[YOUR INSTRUCTIONS]: Images in the data are to be skipped, while every line is restated exactly as written.

[DATA PROVIDED]:
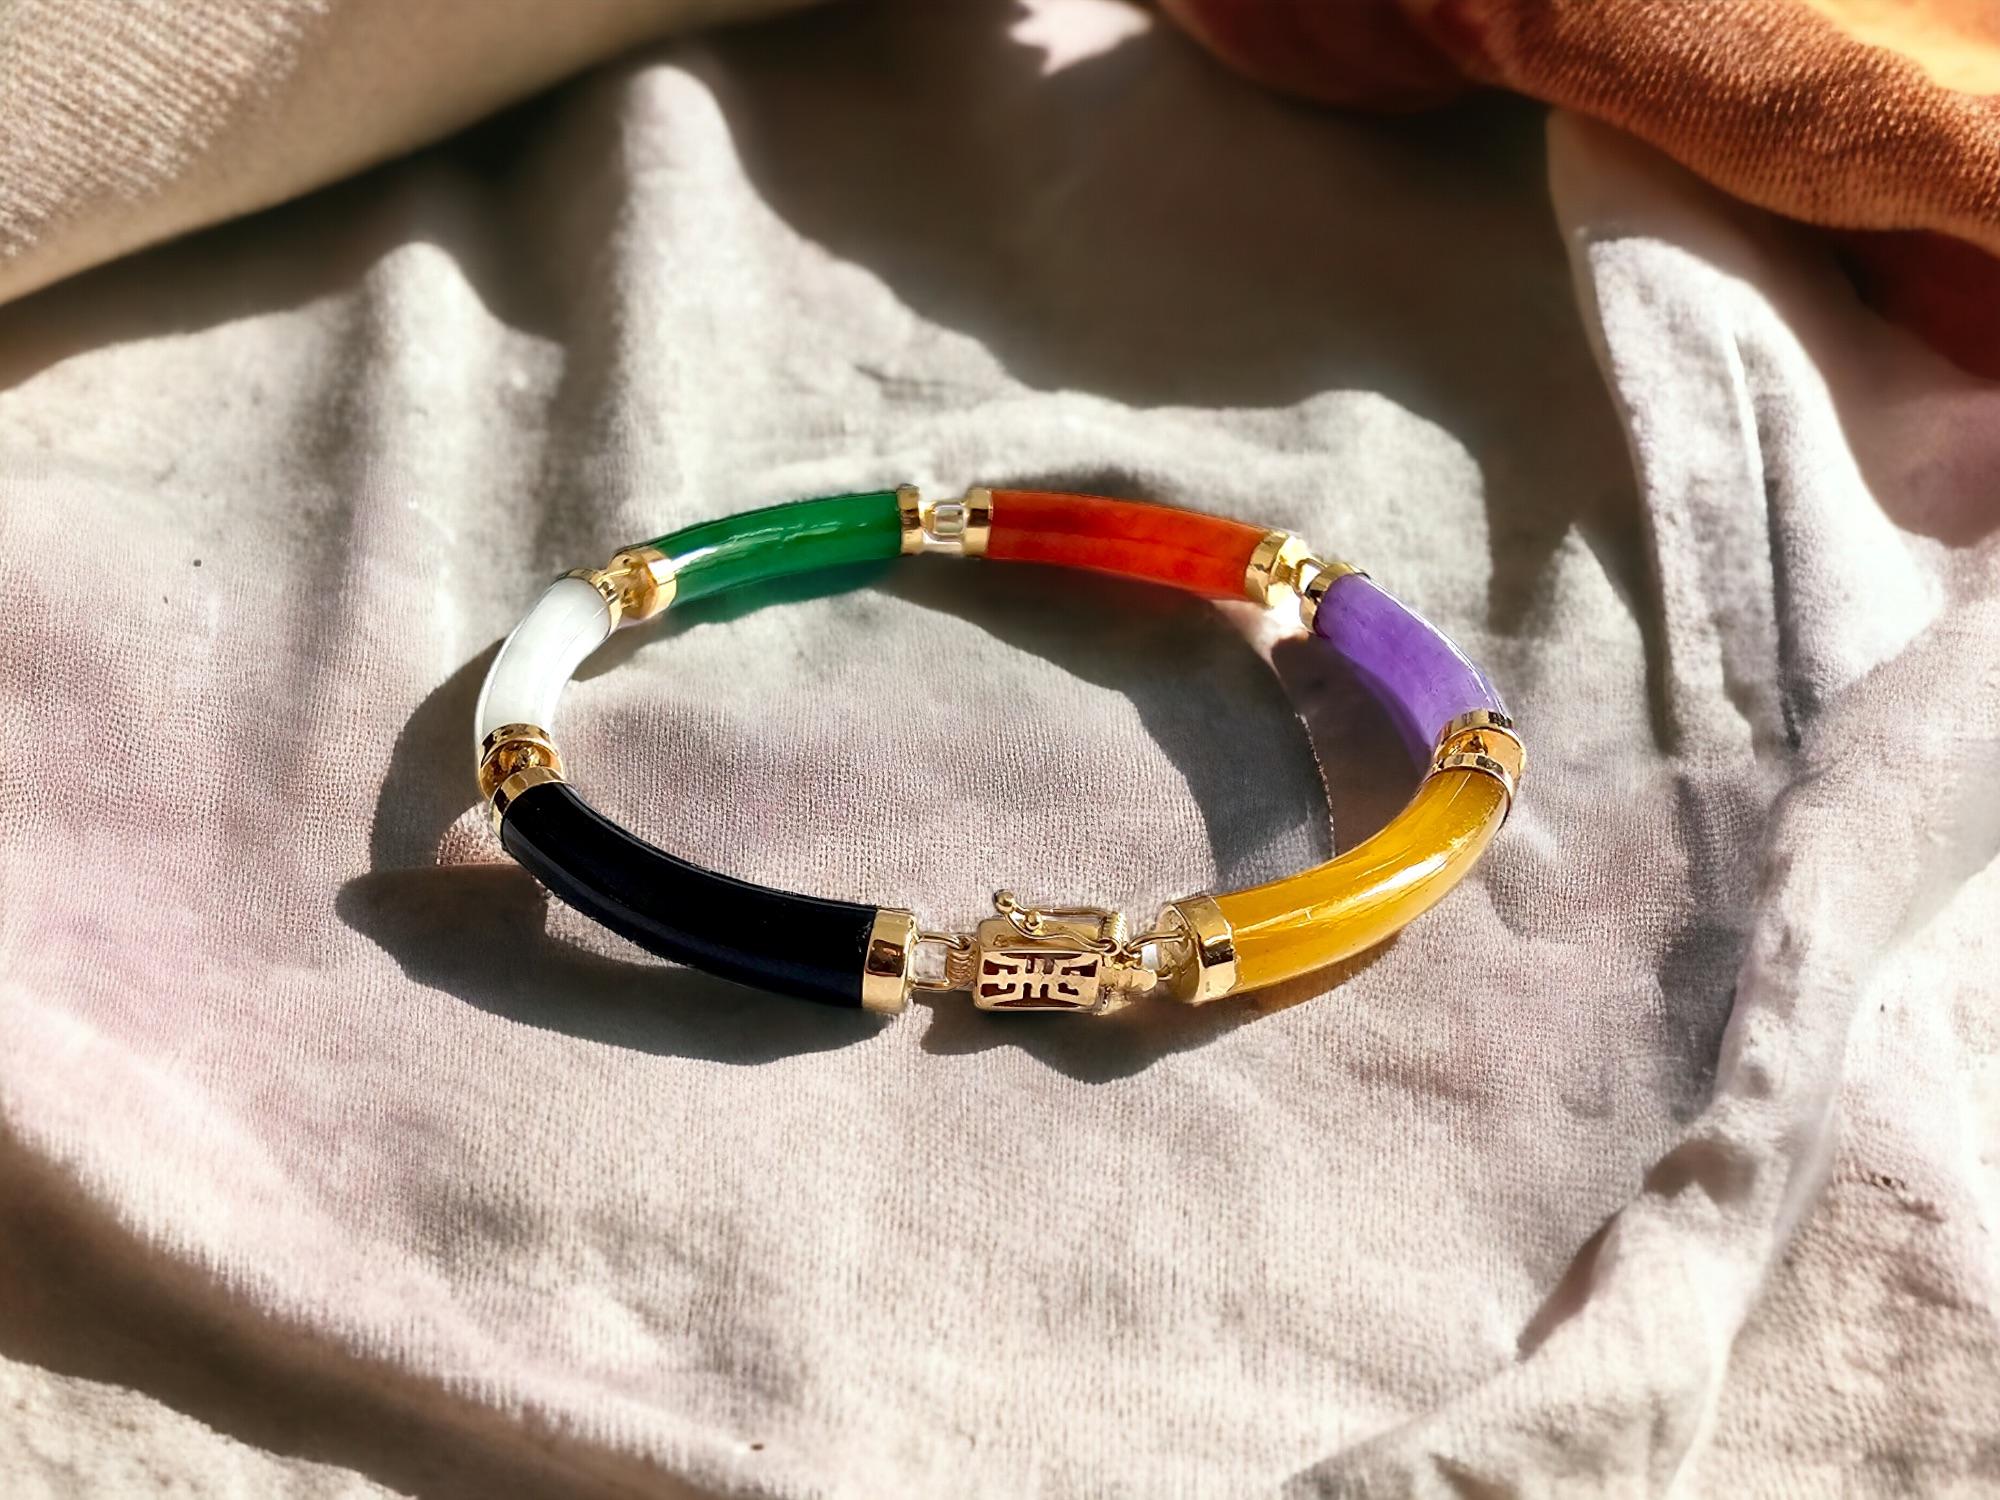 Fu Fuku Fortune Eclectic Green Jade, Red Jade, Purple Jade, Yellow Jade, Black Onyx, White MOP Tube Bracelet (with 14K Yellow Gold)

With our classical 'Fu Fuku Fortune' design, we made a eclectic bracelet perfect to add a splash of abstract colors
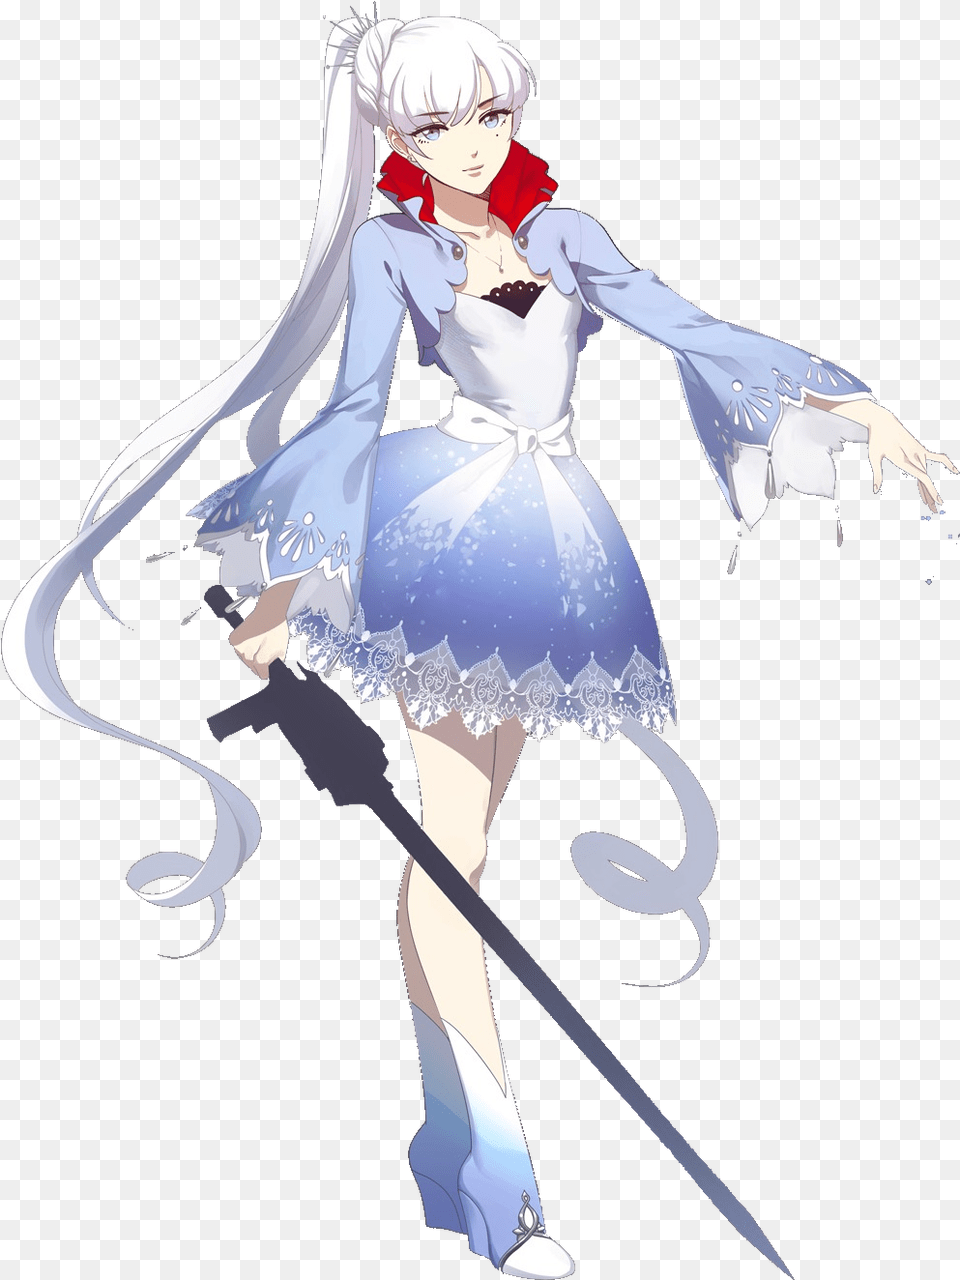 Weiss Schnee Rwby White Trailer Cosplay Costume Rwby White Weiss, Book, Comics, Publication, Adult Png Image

[EXERCISE RESPONSE]:
 Fu Fuku Fortune Eclectic Green Jade, Red Jade, Purple Jade, Yellow Jade, Black Onyx, White MOP Tube Bracelet (with 14K Yellow Gold)

With our classical 'Fu Fuku Fortune' design, we made a eclectic bracelet perfect to add a splash of abstract colors
 Weiss Schnee Rwby White Trailer Cosplay Costume Rwby White Weiss, Book, Comics, Publication, Adult Png Image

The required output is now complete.